Quelle: G.Skill / Montage: Sven Bauduin

DDR6-Arbeitsspeicher der nächsten Generation wird wenig überraschend deutlich schneller als aktueller DDR5-Arbeitsspeicher, doch könnte insbesondere im Desktop-PC möglicherweise noch eine ganze Zeit lang auf sich warten lassen.

DDR6 SDRAM, wird als Arbeitsspeicher der nächsten Generation wenig überraschend deutlich schneller als der aktuell gebräuchliche DDR5-Arbeitsspeicher und bei seiner Einführung mit Speichergeschwindigkeiten von 8.800 bis 17.600 MT/s spezifiziert werden. Wie bereits im Juli 2025 aus einer Dokumentation der Organisation zur Standardisierung von Halbleiter-Chips, der JEDEC, hervorgegangen ist, sollen perspektivisch einmal bis zu 21.000 MT/s ("DDR6-21000") erreicht werden.
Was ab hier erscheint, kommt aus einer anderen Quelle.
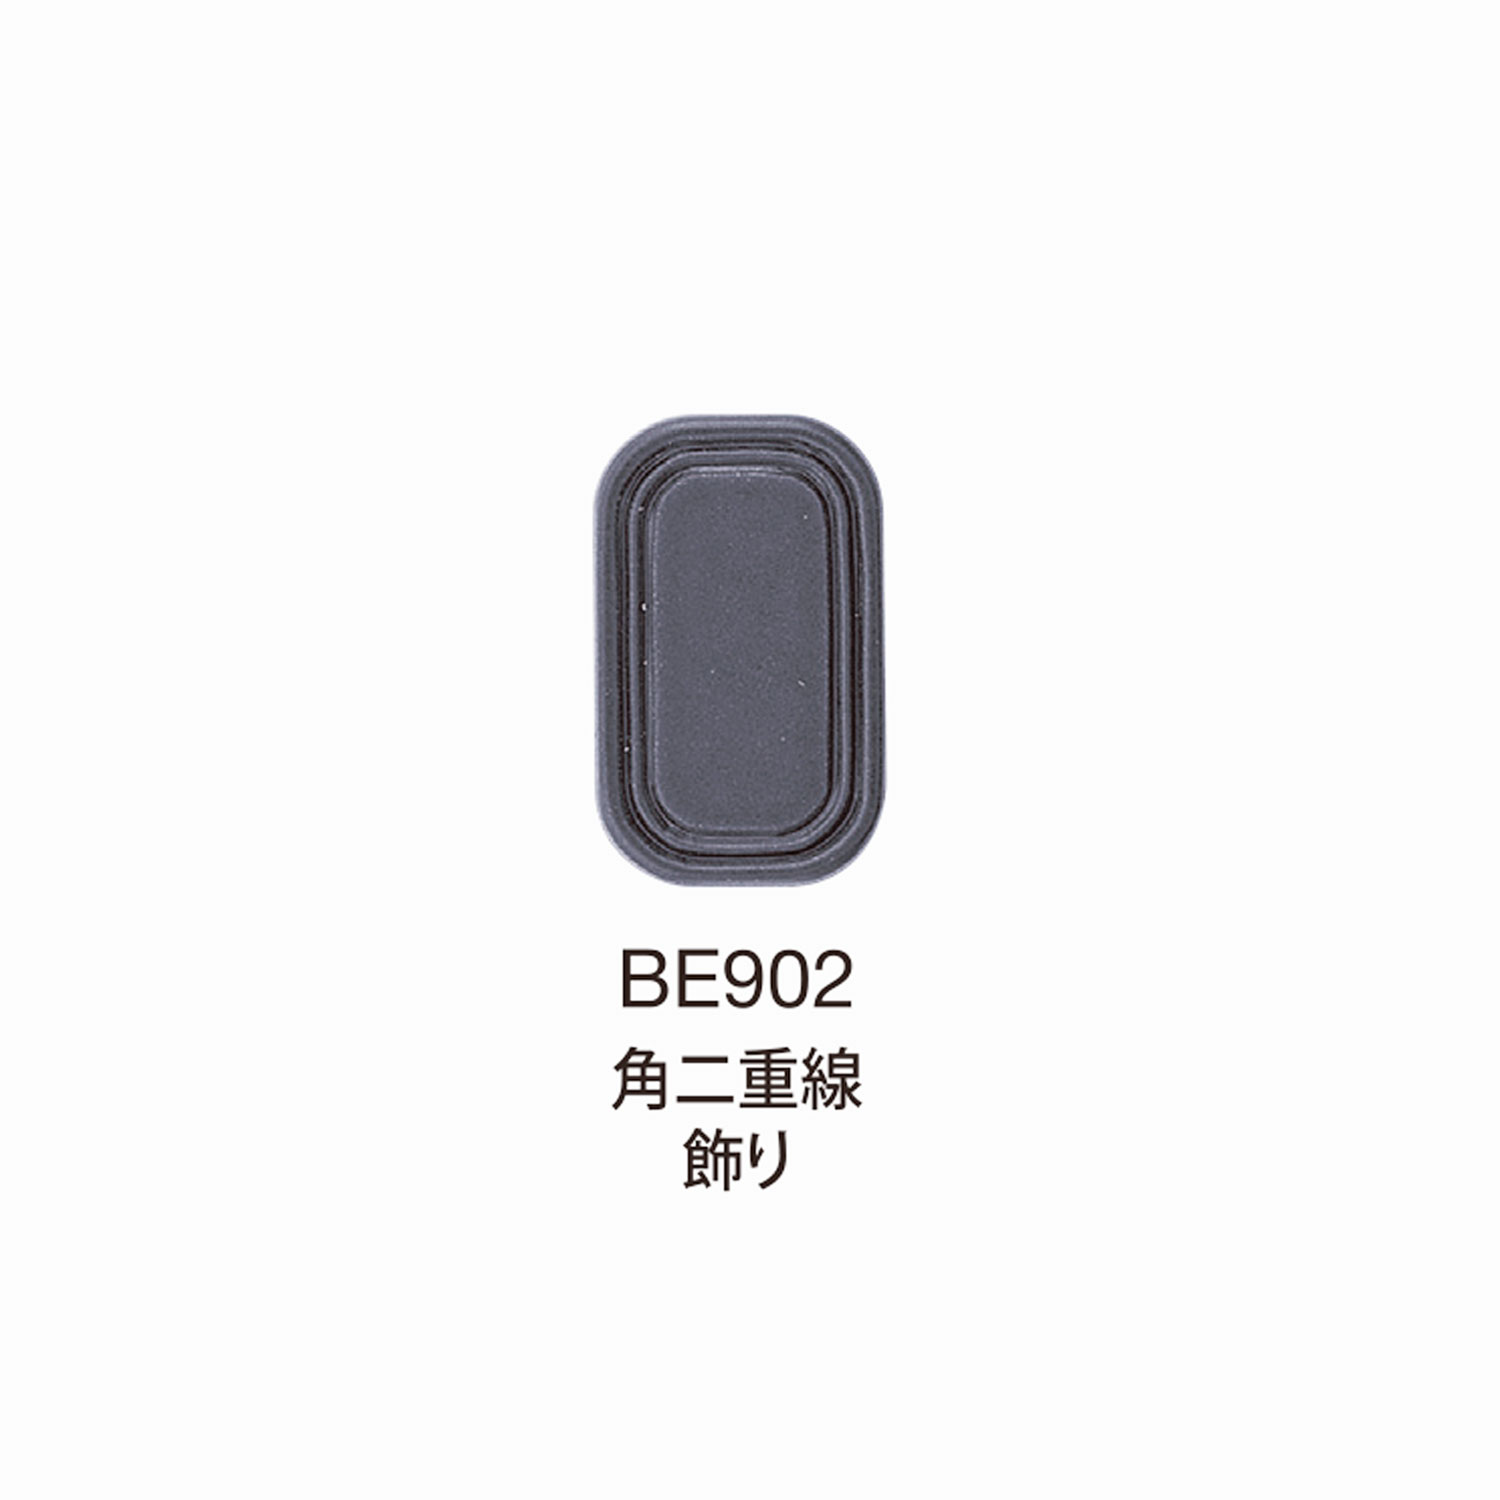 BE902 Trang Trí đường đôi Góc Phần Cứng Trên Cùng BEREX α[Mặt Thắt Lưng Và Khoen] Morito(MORITO)

DDR6 Quelle: JEDEC Wie aus dem Bericht der chinesischen Website China Times hervorgeht, auf den sich auch TrendForce beruft, haben nunmehr sämtliche führende DRAM-Hersteller, darunter Samsung, Micron und SK Hynix, bereits ihre DDR6-Produktion eingeleitet und konzentrieren sich derzeit auf das finale Design der Speicherbausteine ("ICs") und die Controller-Validierung sowie das Packaging. Die ersten Prototypen seien verfügbar, weshalb AMD und Intel schon für Schnittstellentests mit im Boot sitzen, so das chinesische Wirtschaftsmagazin. Der Marktstart werde bereits vorbereitet.

Startet DDR6 im Desktop-PC erst 2030?

Während TrendForce und die China Times im Juli noch von einer Markteinführung im Jahre 2026 und einer Massenproduktion ab 2027 sprachen, zeichnen die neuesten Präsentationen von SK Hynix (via 포시포시) ein anderes Bild. So sieht der südkoreanische Halbleiterhersteller den Start von DDR6 erst 2029/30.

DDR6 SK Hynix Quelle: SK Hynix (via포시포시) Die China Times ging noch im Juli 2025 davon aus, dass die ersten professionellen Systeme, wie Supercomputer für HPC ("High-Performance Computing") und KI-Server bereits im kommenden Jahr mit DDR6-Arbeitsspeicher an den Start gehen. Der Desktop-PC würde, sollte sich die Roadmap von SK Hynix bestätigen, mit vergleichsweise großem zeitlichen Abstand folgen.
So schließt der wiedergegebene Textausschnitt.